Si la Sacem, qui s’y connait en collecte et répartition du produit des taxes — elle gère les fonds de la taxe pour copie privée sur laquelle sont imposées les fournisseurs d’accès commercialisant des box pourvues de disque dur —, milite depuis longtemps déjà pour cette taxation des acteurs de l’ ’Internet, une partie des producteurs de musique y reste fermement opposée. A la différence des indépendants regroupés au sein de l’UPFI, le syndicat national de l’édition phonographique (Snep) auquel sont affiliés les majors refuse cette solution. « On ne veut pas de système compensatoire, on est contre une licence globale qui ne dirait pas son nom », a déclaré David El Sayegh, estimant que cela reviendrait à « brouiller » le message de la lutte contre le piratage.
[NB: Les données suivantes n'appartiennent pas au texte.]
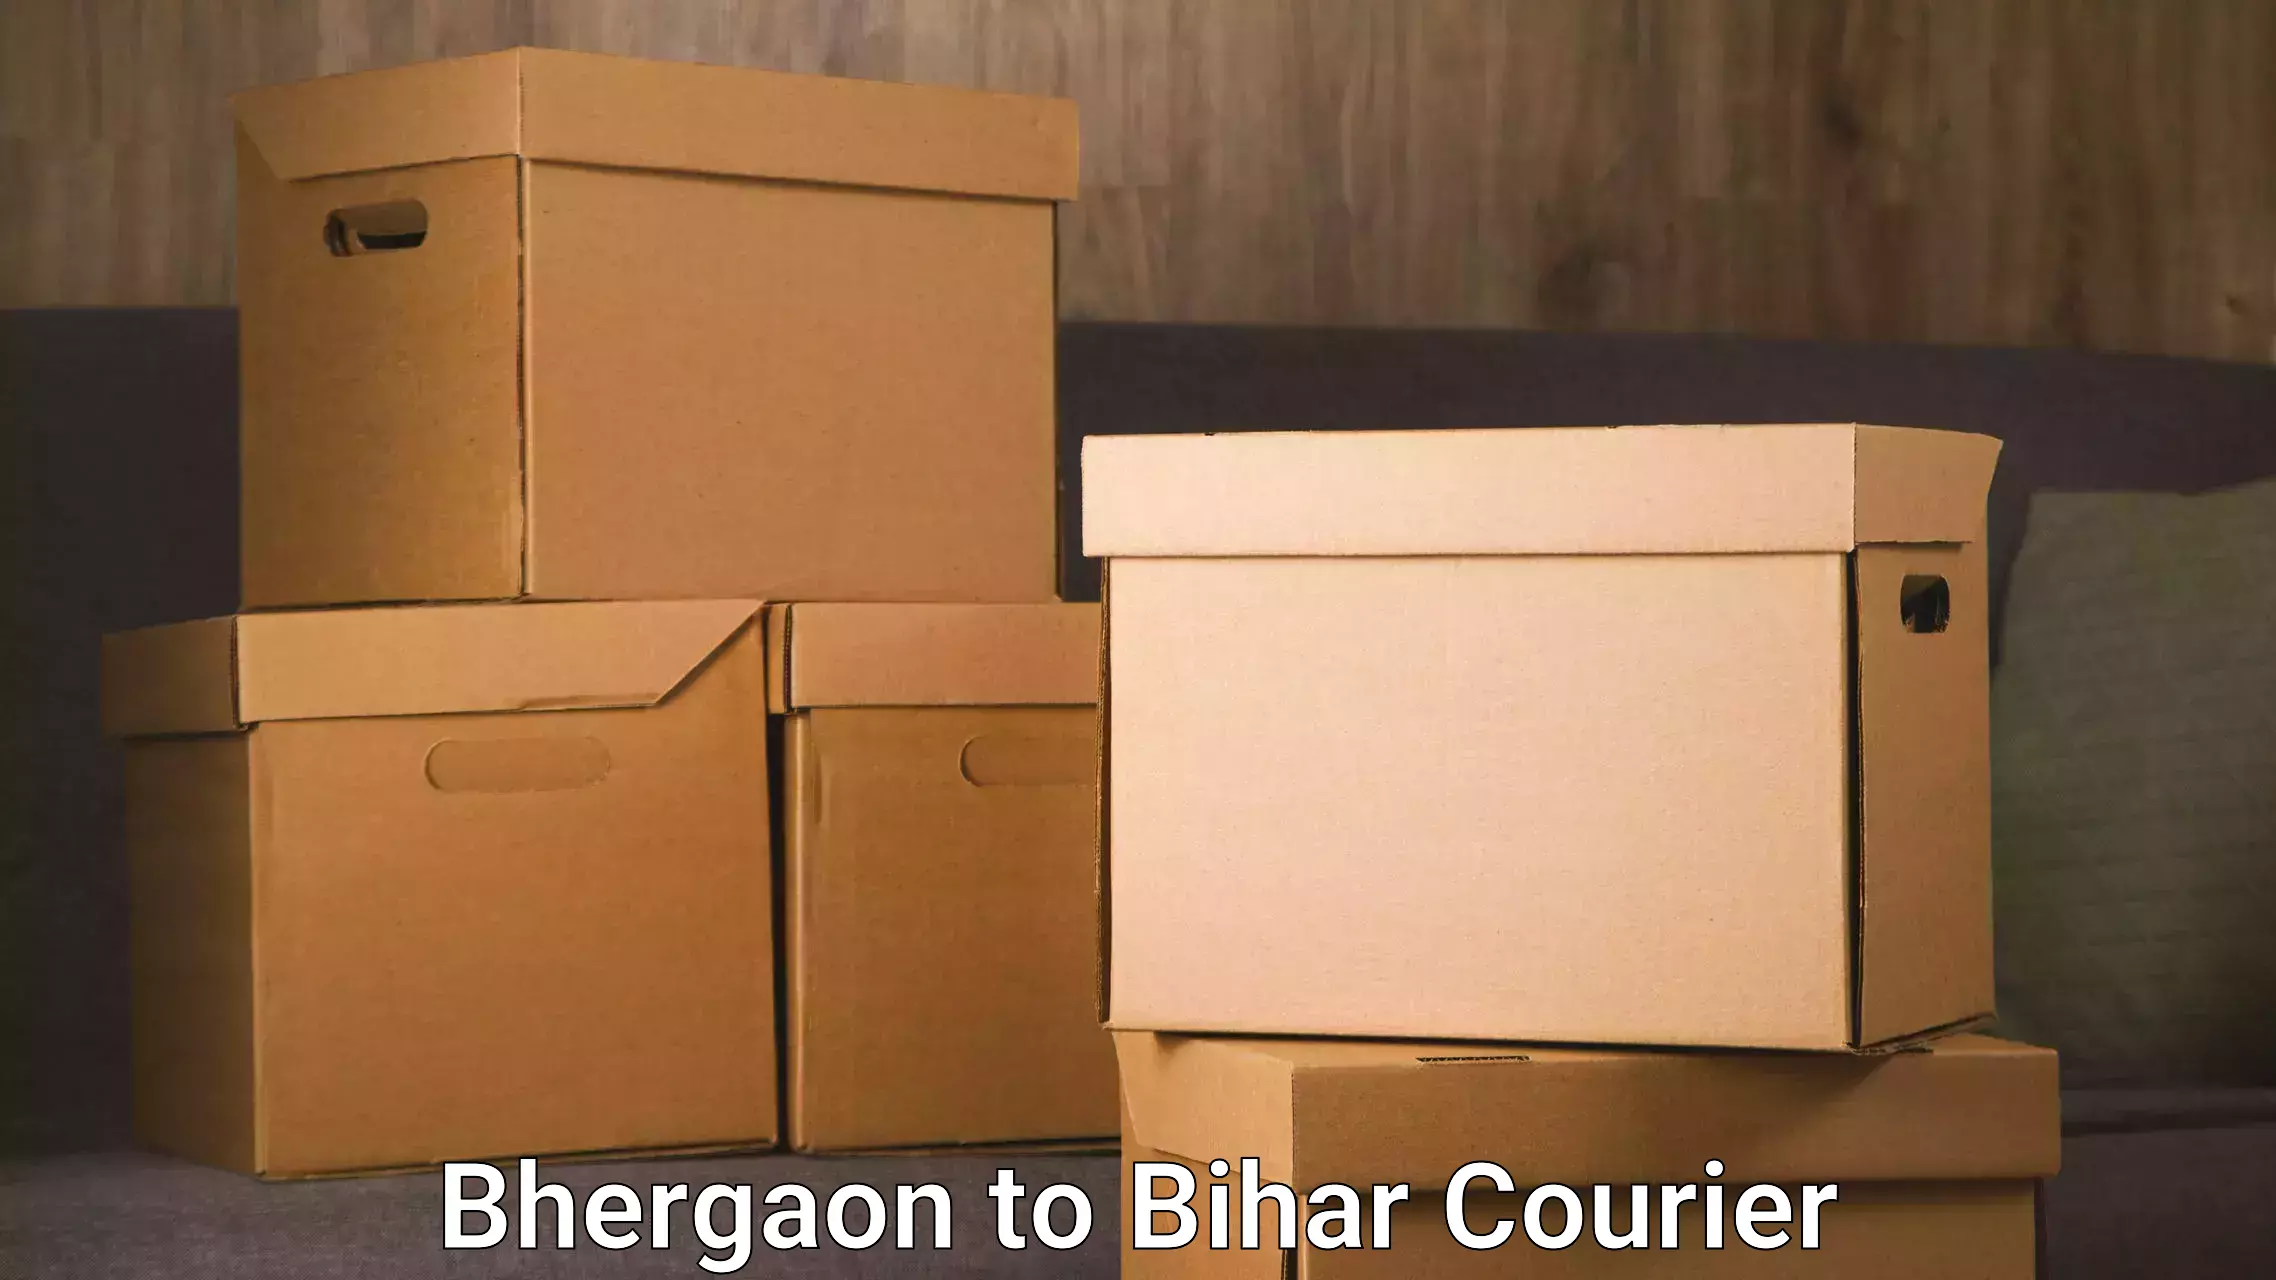 Express delivery capabilities Bhergaon to Bihar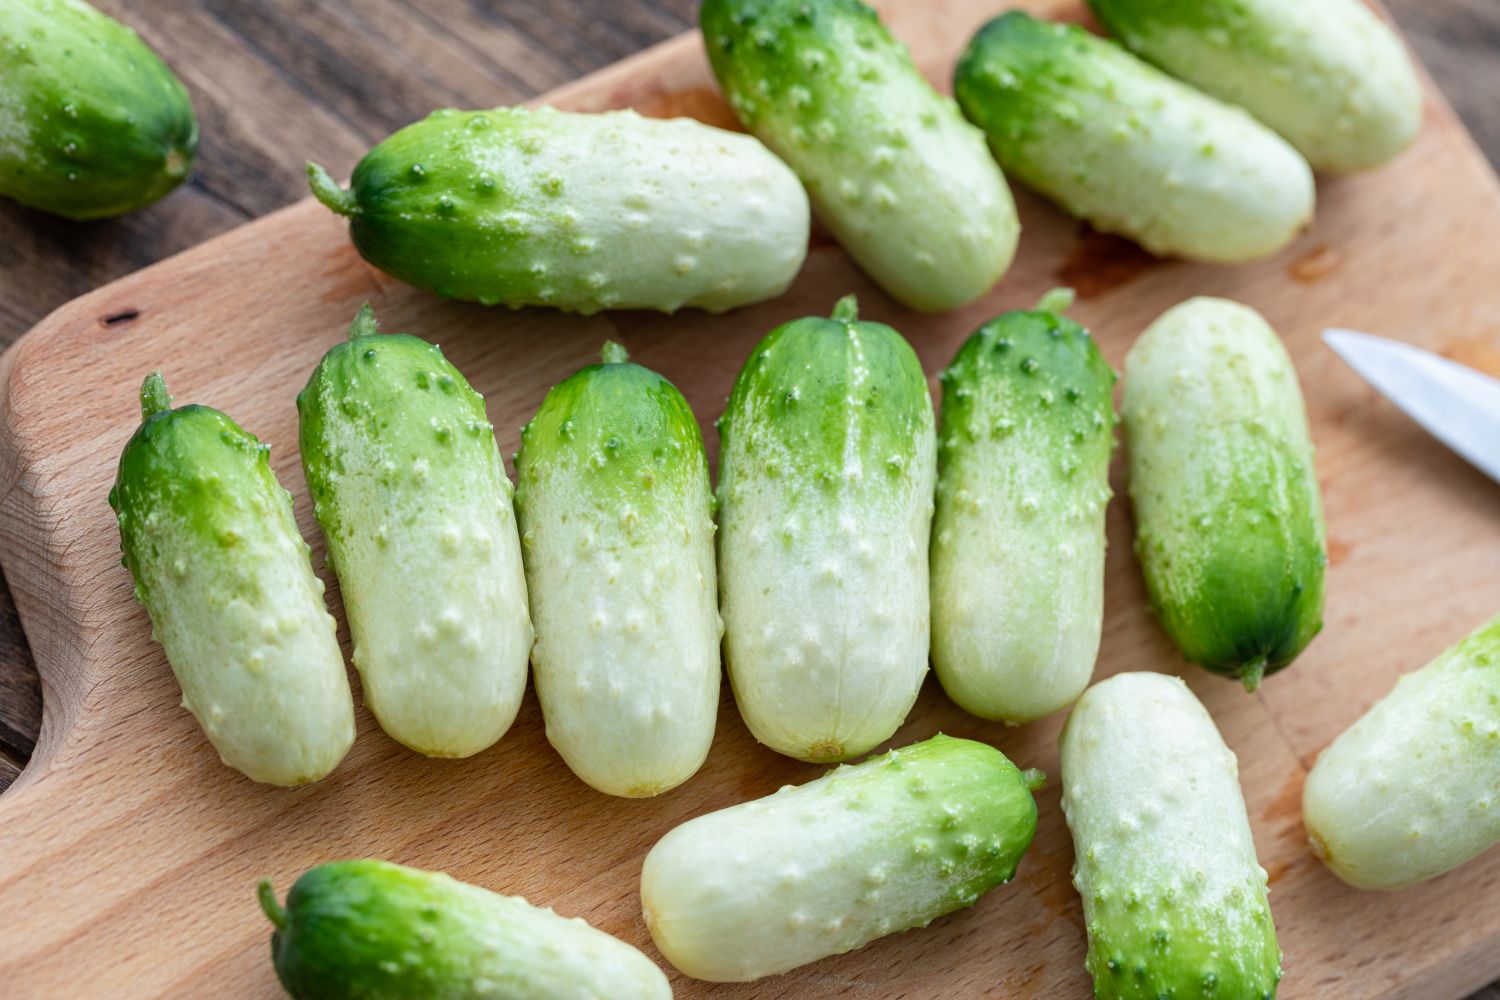 Small, spiny, green and white cucumbers

Une lutte qui selon le Snep passe par une application massive de la loi Hadopi dont le dispositif d’avertissements puis d’envois de lettres recommandées est prévue pour monter progressivement en charge à partir du premier trimestre 2010. Le Snep souhaite en revanche l’instauration d’une incitation fiscale à l’attention des fournisseurs d’accès pour qu’ils consacrent des fonds à la promotion des offres légales, via par exemple un fonds de soutien à la production phonographique. Le rapport Zelnik devra trancher entre ces différentes options. Mais si une taxe sur les FAI était recommandée et finissait par voir le jour, on voit mal comment cette mesure pourrait faire l’économie d’un nouveau cadre Hadopi 3 et donc d’une nouvelle loi.